04 fevereiro 2007

Excerto de um livro não anunciado (361)

É certo que, em alguns casos, para persuadir alguém sem qualquer infracção ética, não precisamos sequer de acreditar nas razões que lhe expomos, de reconhecê-las como suficientemente fortes para nos convencerem, bastando que tenhamos a convicção íntima de que são boas para essa pessoa ou por ela vistas como tais. De facto, contrariamente ao pensamento comum, nem sempre é rigorosamente necessário que o vendedor acredite no seu próprio produto.
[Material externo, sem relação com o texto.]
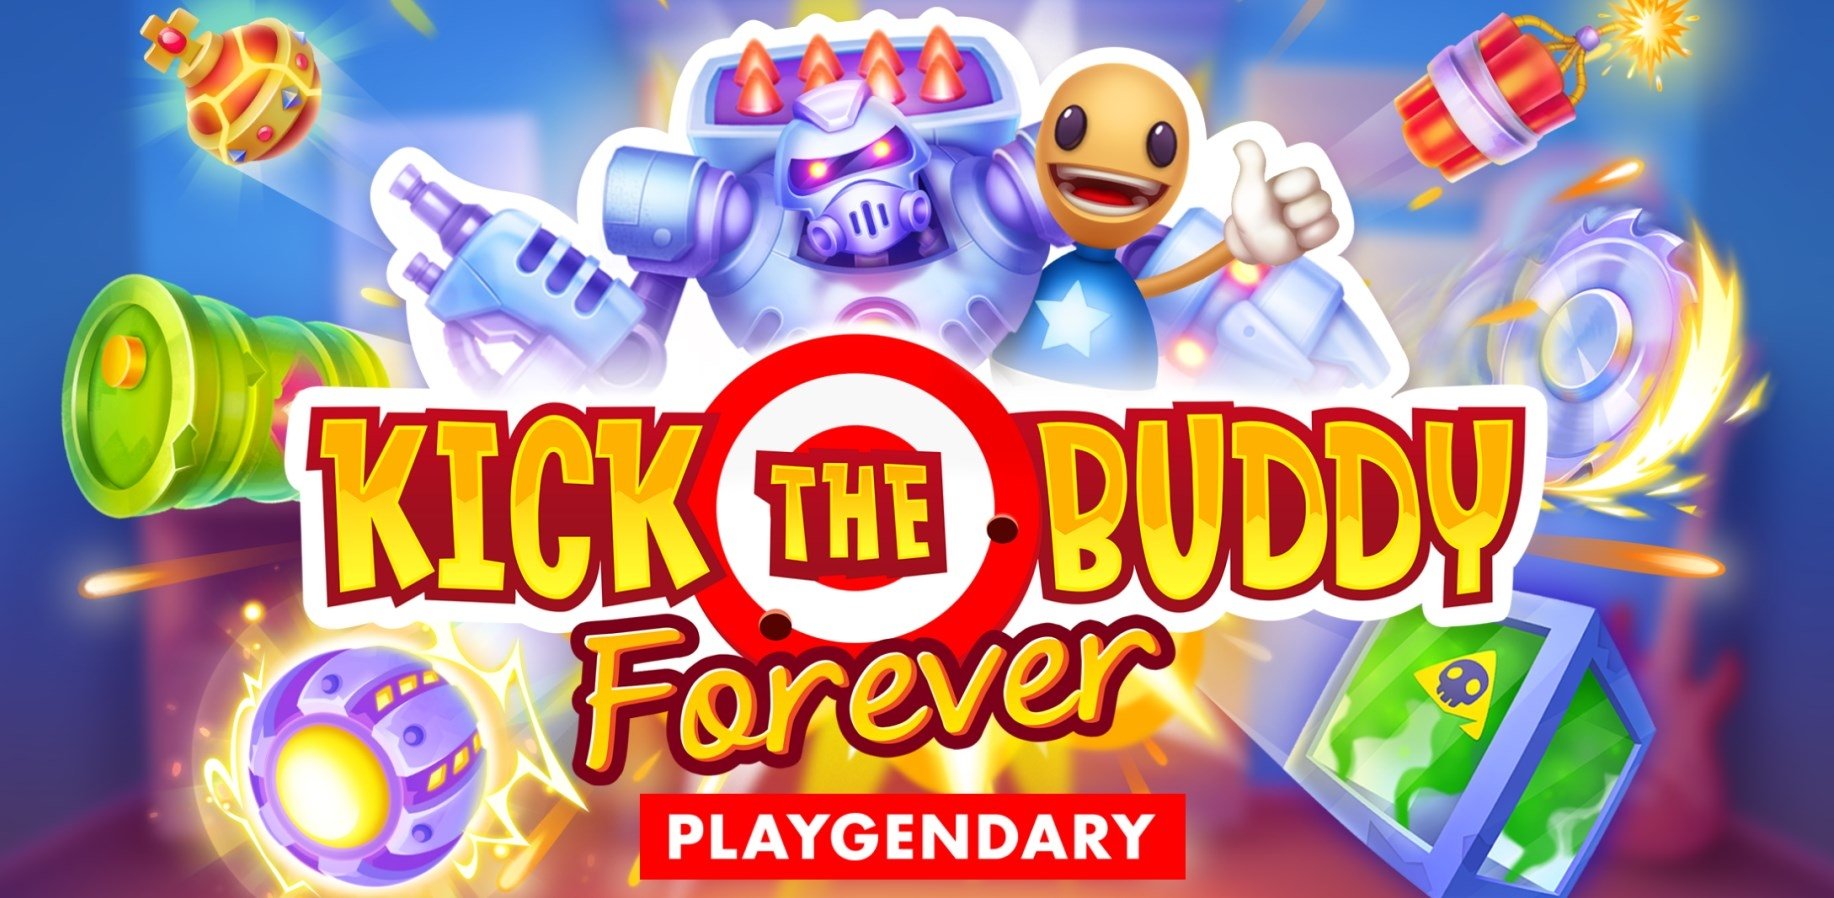 kick the buddy forever pc

Basta-lhe a convicção de que há pessoas (clientes) para quem esses produtos são, na verdade, a melhor solução, dado o seu particular quadro de crenças e valores. Isto quer dizer apenas que a avaliação da força dos argumentos não pode deixar de ter em conta o perfil dos destinatários da persuasão. Outra coisa é admitir que a persuasão se pode ficar pela dita via periférica, ou seja, prescindir da informação necessária para a apreciação do mérito da questão. Fazê-lo, seria incorrer na manipulação mais grosseira do auditório, um pouco à semelhança do ilusionista que chama a atenção sobre a mão vazia só para esconder o que tem na outra, que mantém fechada. A persuasão discursiva que está no centro da nova retórica reparte-se pelo ethos, pelo logos e pelo pathos mas não prescinde de uma dimensão crítica fundada na ética da discutibilidade. Impõe-se, por isso, reconhecer o primado da via central em todo o acto persuasivo, embora sem menosprezar o importante papel que a via periférica pode desempenhar para a ele se aceder. Deste modo, poderemos encarar estas duas vias como complementares em vez de alternativas, pois a inserção humana e relacional de todo o processo de persuasão fatalmente leva a que, em maior ou menor grau, ambas estejam sempre presentes.